You are a member of the police force, responsible for the safety and security of your people. Along with three other policemen, you are sent on a mission to arrest someone who is suspected of illegally throwing a stun grenade, to kill or harm innocent people.
|The knife-wielding terrorist attacking the Police car|
As you pull up to the home of the suspect, a relative of his comes out, and runs up to your police car, wielding a knife in his hand, with murder in his eyes. He appears to be afraid of nothing, he starts to stab at the windows of the police car, to no avail – but keeps on going, anyway.
Seated in the back, you quickly open the back door and fire a warning shot into the air*, to scare him off – and then shut the door immediately. What would a normal reaction be to that? Either to run away, or to put down the knife and surrender. But instead, the attacker backs off a little, but continues to wield his knife, with murder written all over his face! No sign of remorse, or surrender, or fear of reprisal can be seen…
(*Note: on the video, the rear right door of the police car opens, and the terrorists slams it shut. It was not clear if the policeman shot in the air at that time, or was trying to get out to apprehend the terrorist).
Seeing this, what would you do?

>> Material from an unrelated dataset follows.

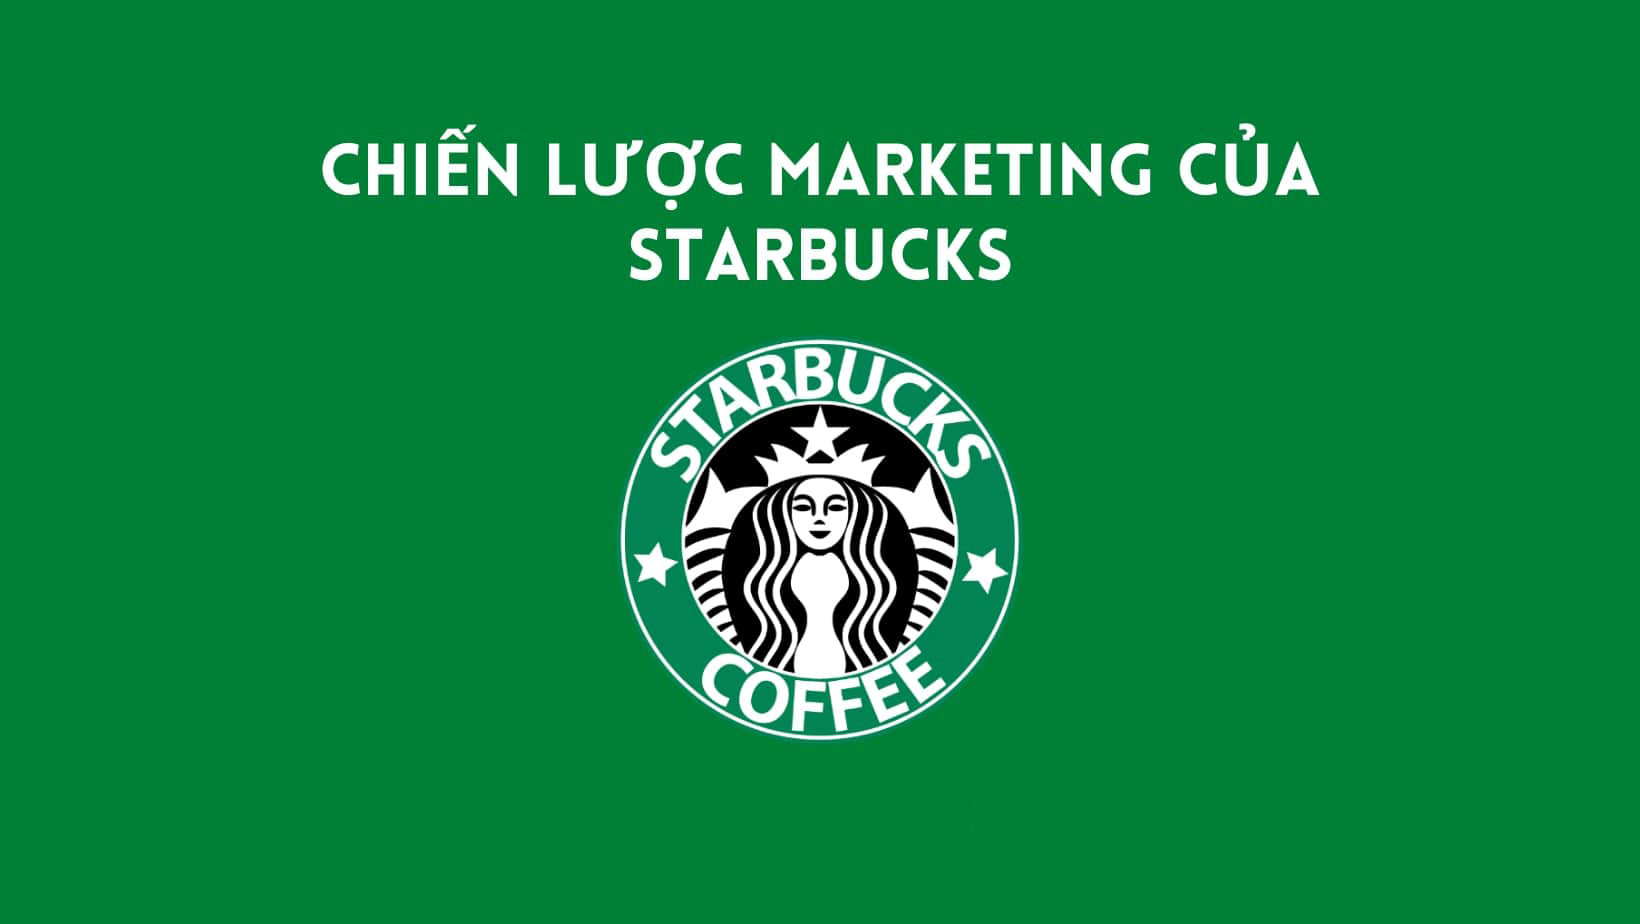 Chiến Lược Marketing Của Starbucks Thành Công Từ Đâu?

Remember, you are in a police car under attack, with three other policemen, trying to make an arrest, in an Arab town in Israel.
If you said, “I would step out of the police car and shoot at the attacker” – well, this is exactly what happened this past weekend at Kafr Kanna, an Arab village near Nazareth in the Galilee of Israel. The terrorist-maniac with the knife was seriously injured, and died shortly thereafter from his wounds.
To put ANY blame on the police officer for his actions, is nothing short of insanity. But of course, the Arabs (and most of the mainstream media) have done just that.
Apparently, the only videos available online of this event were taken by Arabs and the Arab media, so I would not be surprised if they were edited. But in any case, from the following video one can see that the suspect tried to open the door of the police car to stab the policemen inside; and although his being shot left him seriously injured, was not yet dead.
Furthermore, please note the following:
1. Police may not retreat from an armed attacker during the course of an arrest.
2. Police may use deadly force against an armed attacker, while the attack is ongoing. An attack is ongoing as long as the attacker remained armed and has not thrown his hands up in the air in surrender.
3. Police may use deadly force to arrest a fleeing felon (and Khir Hamdan was by no means fleeing!) if said felon is (a) armed and (b) poses serious danger of great bodily harm or death to the police or others. An armed individual who has just attacked police poses a grave threat to the police and others as long as he does not drop the weapon and throw his hands up in the air.
See also the case of Tennessee v. Garner (471 U.S. 1,105 S. Ct. 1694, 85 L. Ed. 2d 1,1985 U.S.)
Finally, another example from the US:
When an armed citizen is attacking a police officer — even if he's armed with a knife, not a gun — there's a broad consensus among police chiefs and departments: the officer is allowed to use deadly force. Almost all agencies covered in the 2012 survey put lethal force on its own level in the continuum — as the sole appropriate response when an officer's life might be in danger.
…several police and experts went out of their way to explain to me why deadly force is necessary when a suspect has a knife. "One of the biggest areas of misunderstanding that the public has is how quickly individuals with weapons can advance on an officer, and how deadly the results can be," says Magnus, the chief of the Richmond (CA) Police Department. That makes it extremely risky, he says, for officers to use a Taser on a suspect who's charging them with a knife. David Klinger, a University of Missouri-St. Louis professor who studies use of force, says he would use a Taser on someone who was armed with a blunt instrument, but, "I personally would never try to disarm someone with a knife."
Just because a citizen is armed doesn't mean he's attacking, so whether police are allowed to shoot a knife-wielding suspect depends on whether he's coming at the officer or not (or whether the officer reasonably feels threatened — which can get subjective). But there's no debate among police that killing a suspect is an appropriate response to a knife attack — another reflection of how much distance there is between what the public sees as reasonable force and what police believe.
"Shooting to incapacitate" is a myth
In principle, when a cop fires a gun at a citizen, it's so the officer can neutralize the threat — he's not shooting to kill, per se. But in the two seconds that a cop actually has to make a decision, the most certain way for him to neutralize a threat is to aim for "center mass" on the civilian's body, which is likely to be a lethal shot.
Cops in Richmond, California, have to go through firearms training once a month. But Chief Magnus says that even with that much training, the conditions an officer faces — everything from the stress of a confrontation, to the weather and the lighting — make it impractical for an officer to aim a shot somewhere other than the center of the body. "The notion that it's possible to shoot somebody just to the level that they're debilitated — to shoot a gun out of somebody's hand, to shoot them in the leg — that is the stuff of TV and movies. That's wildly unrealistic."